++++ Data segment ++++
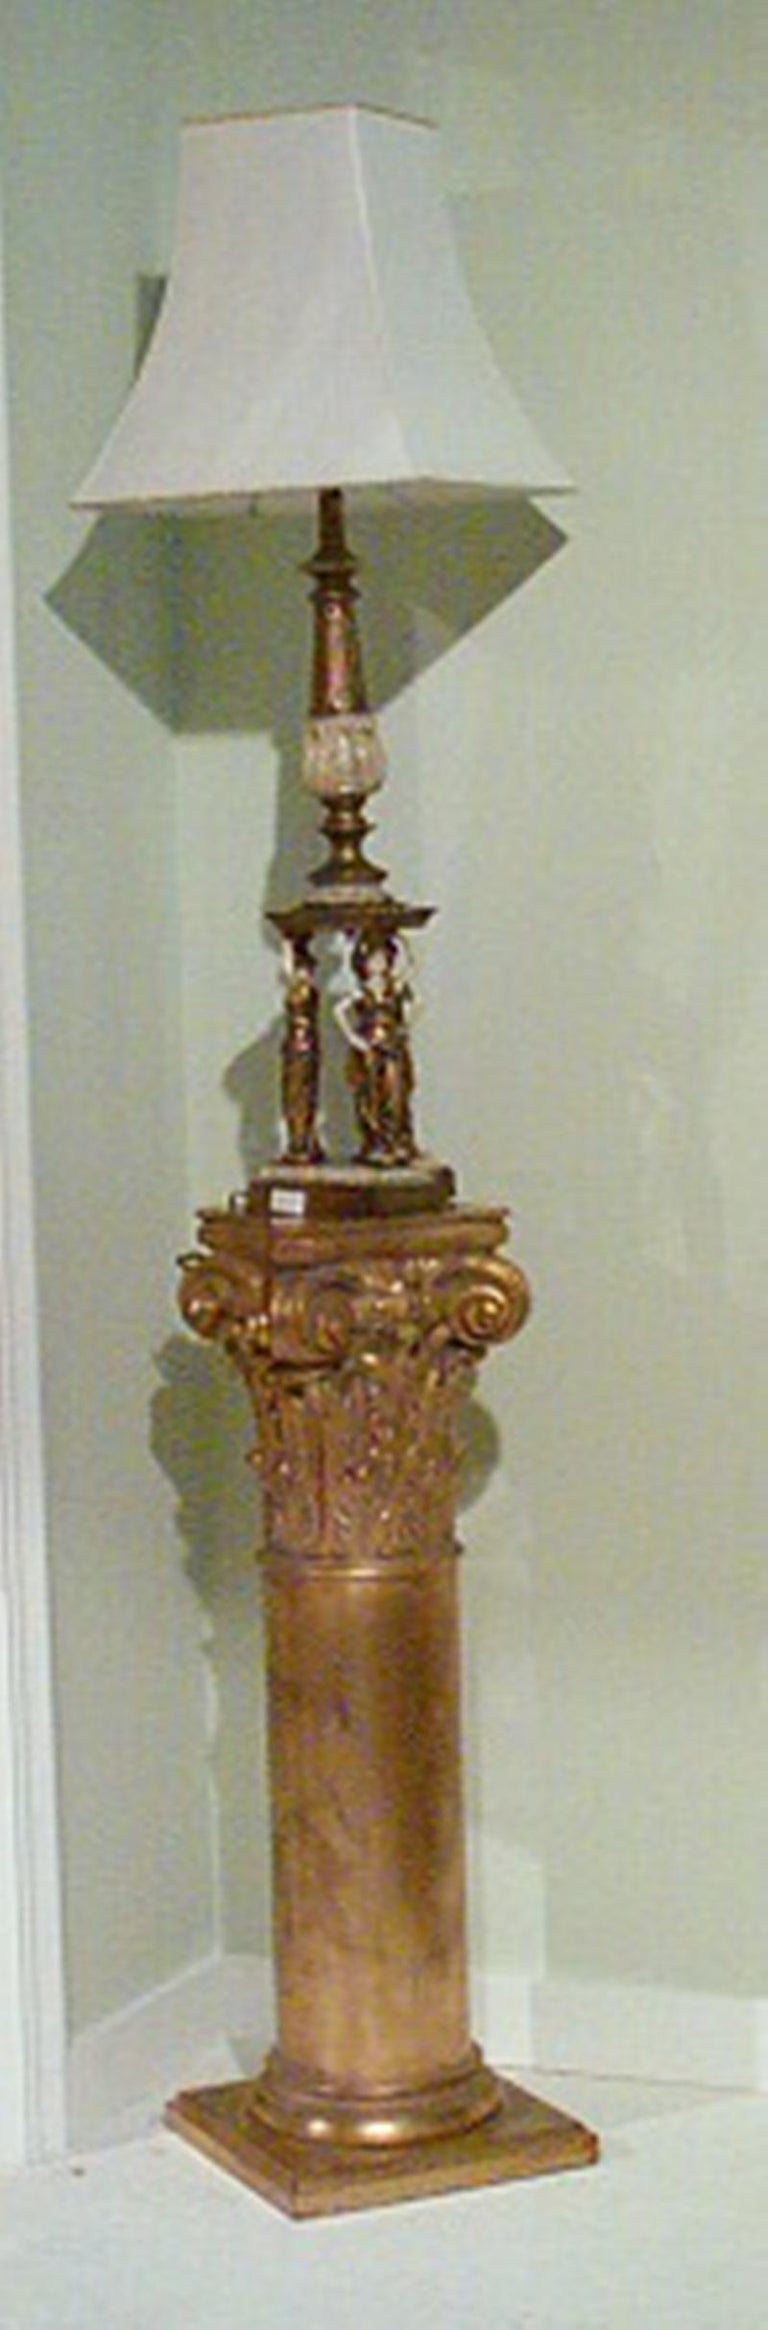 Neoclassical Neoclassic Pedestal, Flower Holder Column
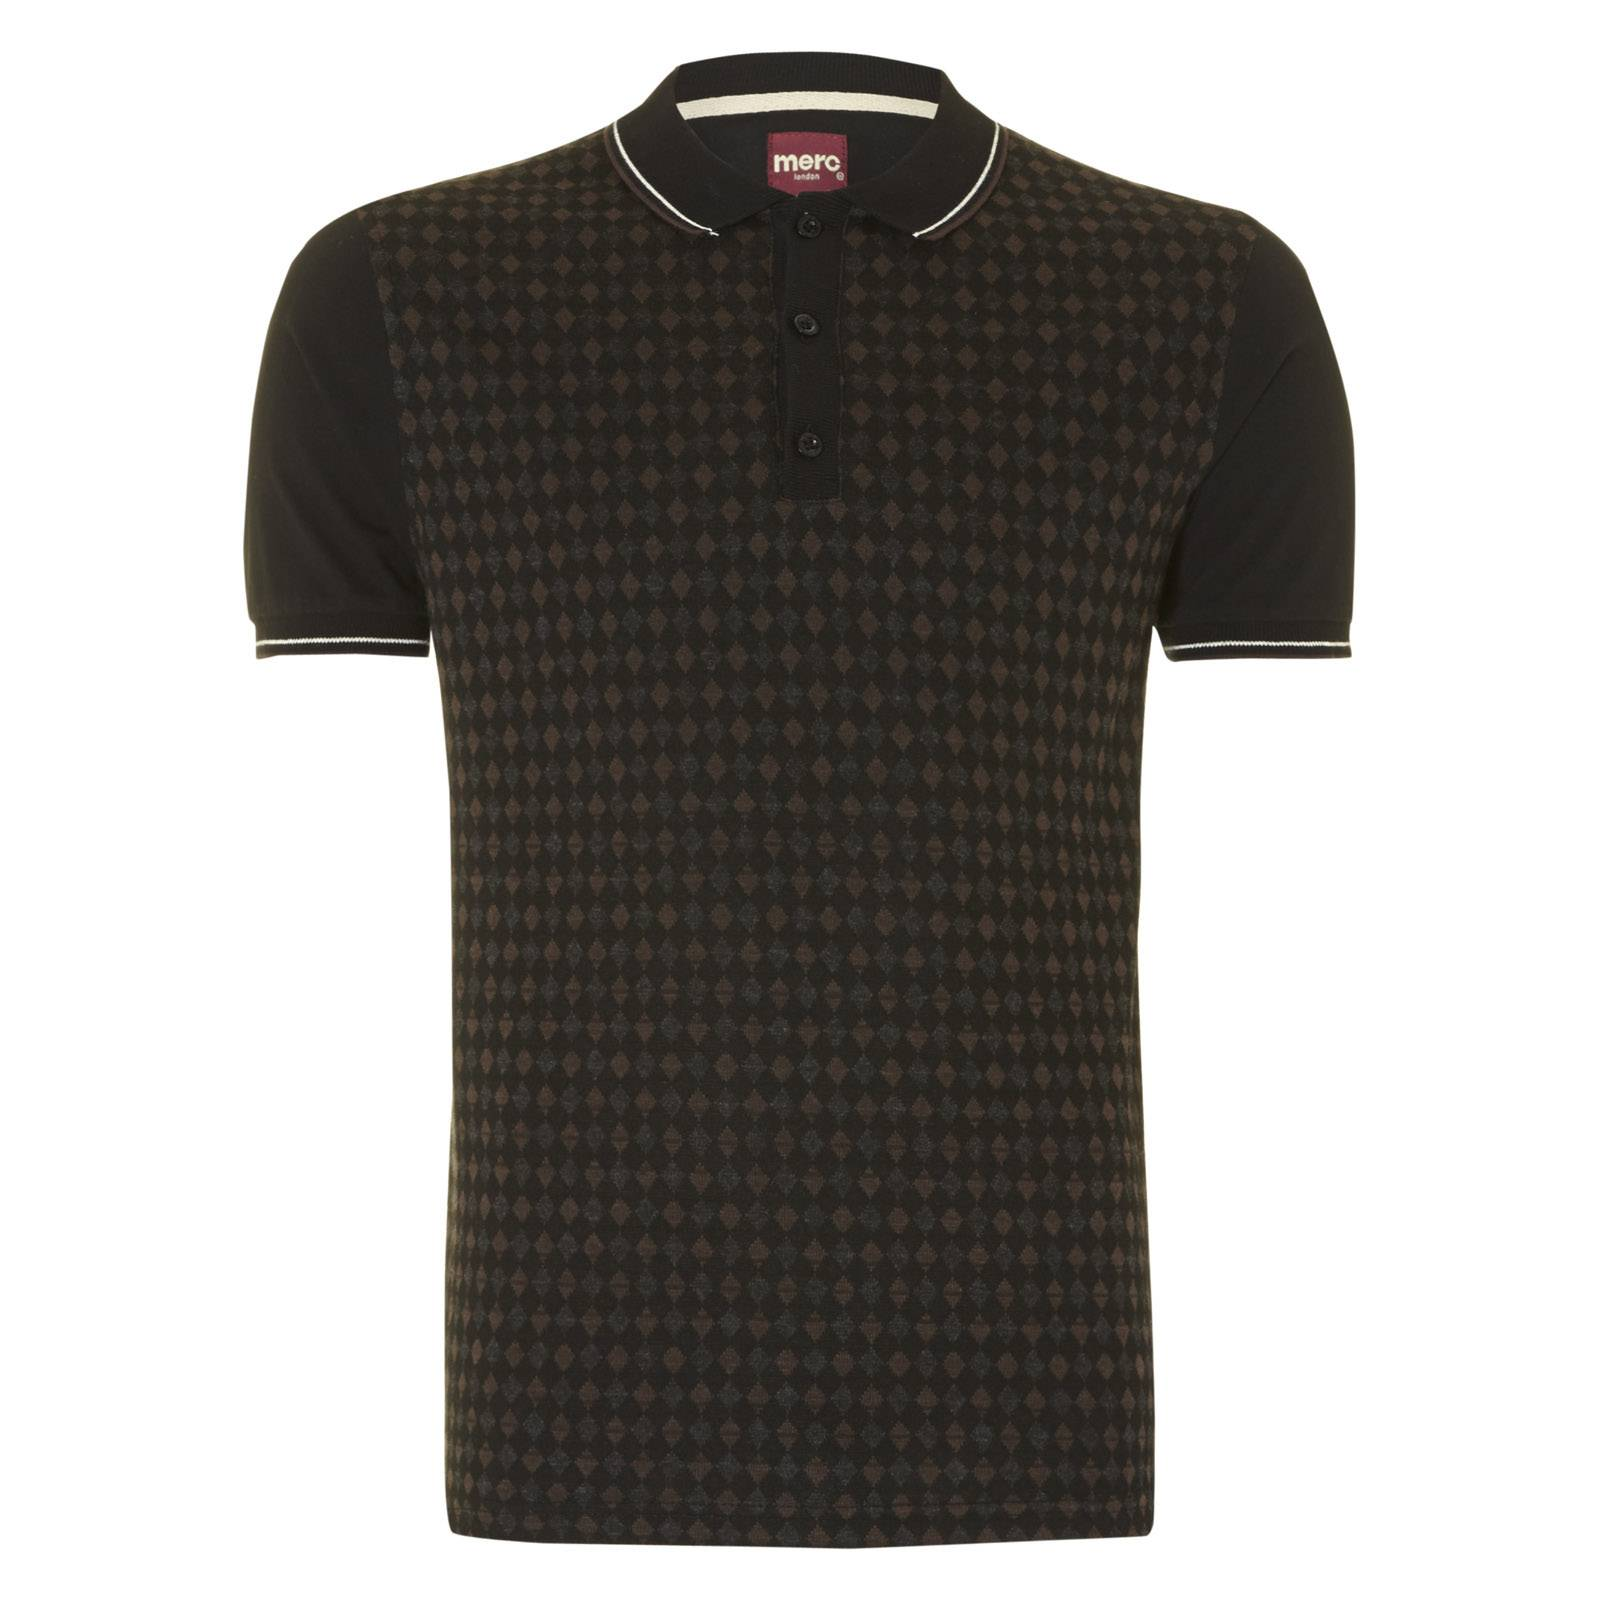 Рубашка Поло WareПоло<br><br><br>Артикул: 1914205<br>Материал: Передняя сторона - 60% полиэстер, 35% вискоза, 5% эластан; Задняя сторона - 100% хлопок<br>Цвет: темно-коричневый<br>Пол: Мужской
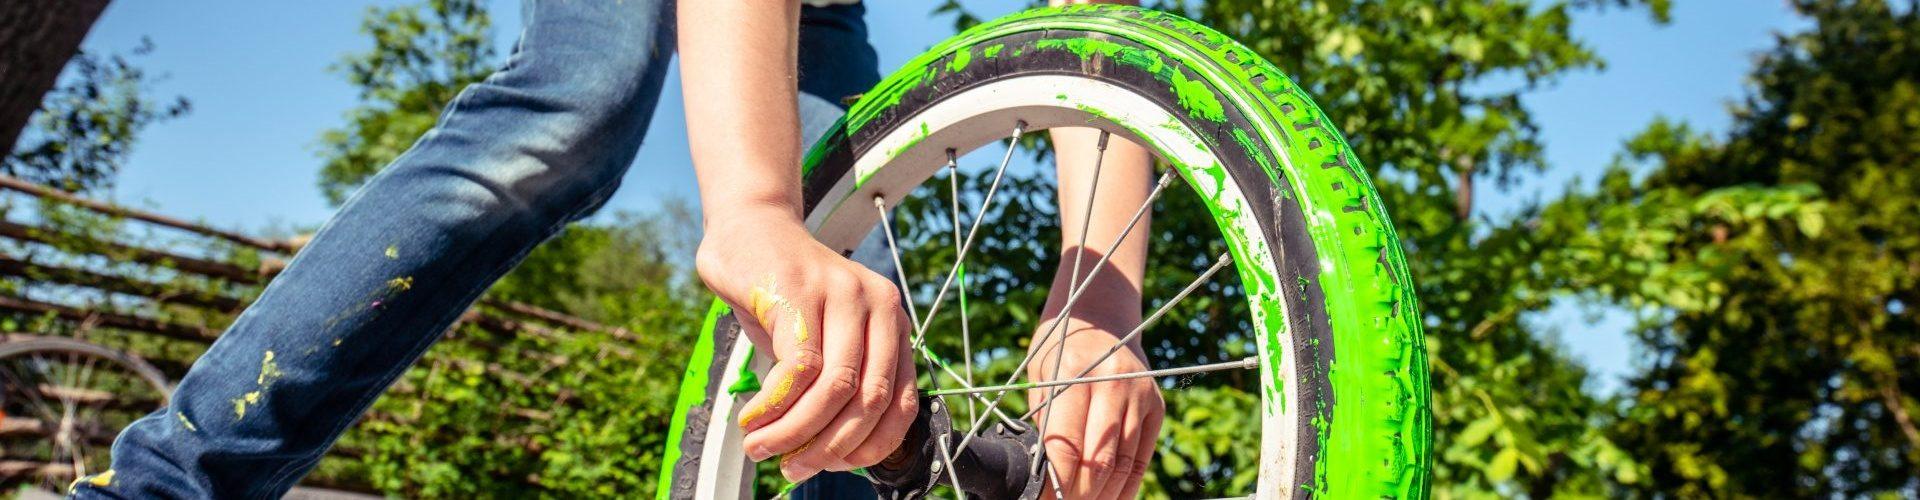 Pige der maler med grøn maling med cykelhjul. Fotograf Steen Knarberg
++++
#### [Task directions]
Print the listing exactly, minus its pictures.

#### [Response to this exercise]
 Neoclassical Neoclassic Pedestal, Flower Holder Column
 Рубашка Поло WareПоло<br><br><br>Артикул: 1914205<br>Материал: Передняя сторона - 60% полиэстер, 35% вискоза, 5% эластан; Задняя сторона - 100% хлопок<br>Цвет: темно-коричневый<br>Пол: Мужской
 Pige der maler med grøn maling med cykelhjul. Fotograf Steen Knarberg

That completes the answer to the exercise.